When Frank Dunlop started the Young Vic in London SE1 in the late 1960s it was imagined as a place where people could make theatre in the way they wanted their society to be: open, democratic, equal.

I believe we stayed true to those values.

Producers, crew, our whole team thought of our theatre as a welcoming environment in which great artists meet great audiences.

All that mattered to us was what happened when, night after night, those memorable meetings took place.

And alongside many great and will-be-great artists from this country, we welcomed others from Iceland, France, Germany, Brazil, South Africa, the US, Palestine, Congo, Poland, Syria, from all over the planet.

And we welcomed thousands of non-professionals from our neighbourhoods, young as well as old, especially – though not only – the vulnerable in whatever way.

To the shows we made with them we gave the same high status we gave any artist.
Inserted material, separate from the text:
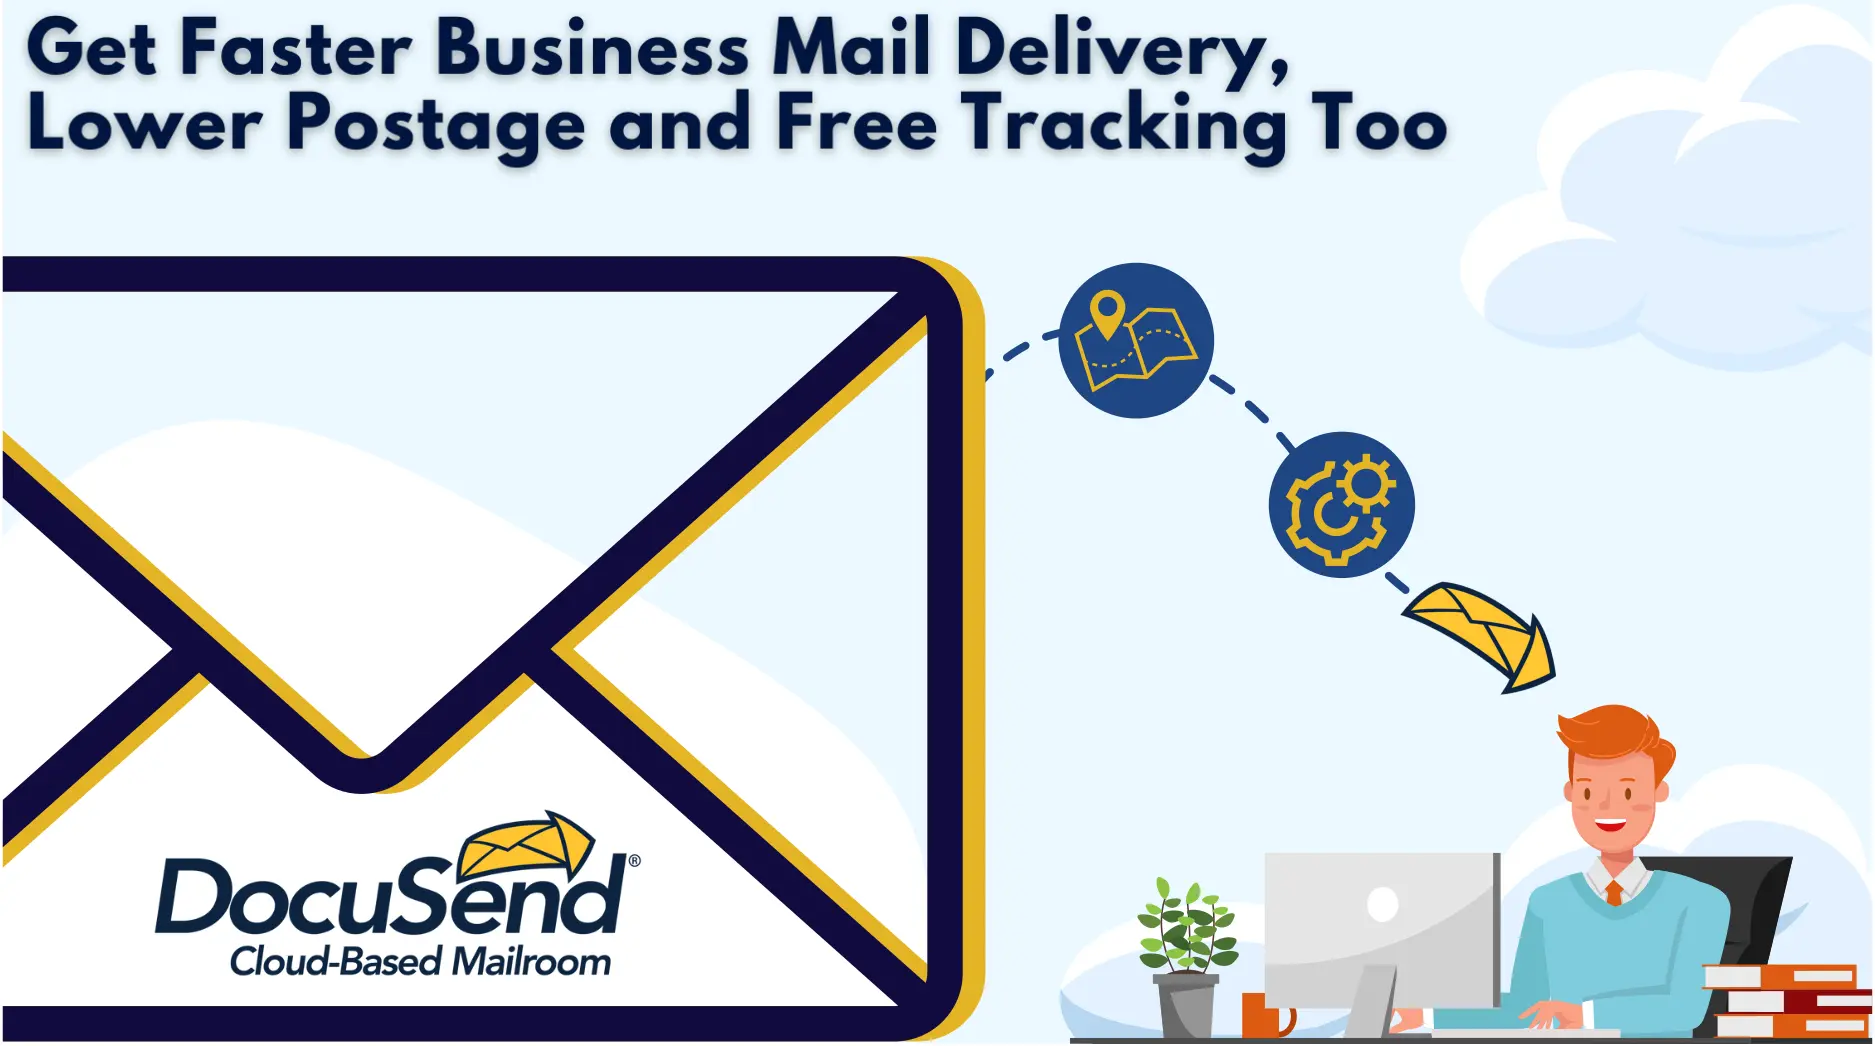 Business Mail Delivery Automation

Over recent years, we’ve engaged with the world in a special way by inviting into our theatre refugees.

Their lives, their stories, themselves as performers.

I hope you’ll forgive me if I contrast the Young Vic’s welcoming environment with the hostile environment – to give it its official name – which the Home Office creates in relation to refugees.

In particular, the decision to close the door on hundreds of young refugees now scattered across Northern France, many with the legal right to live in this country, abandoned to hunger, to cold, to people traffickers within clear sight of us on a sunny day.

And what of those with no legal right?

My grandparents fled Lithuania as teenagers in the 1920s – escaping poverty and anti-Semitism.

Were they economic migrants?  Well, they were certainly after a better life.

Fifteen years later when the Nazis marched in, their parents were killed in the streets.  So, in retrospect, were Mottel and Golda Lan really political refugees?

Their modern-day equivalents are – now as I speak – locked in squalor in Yarls Wood and other detention centres. Hundreds are deported or turned away.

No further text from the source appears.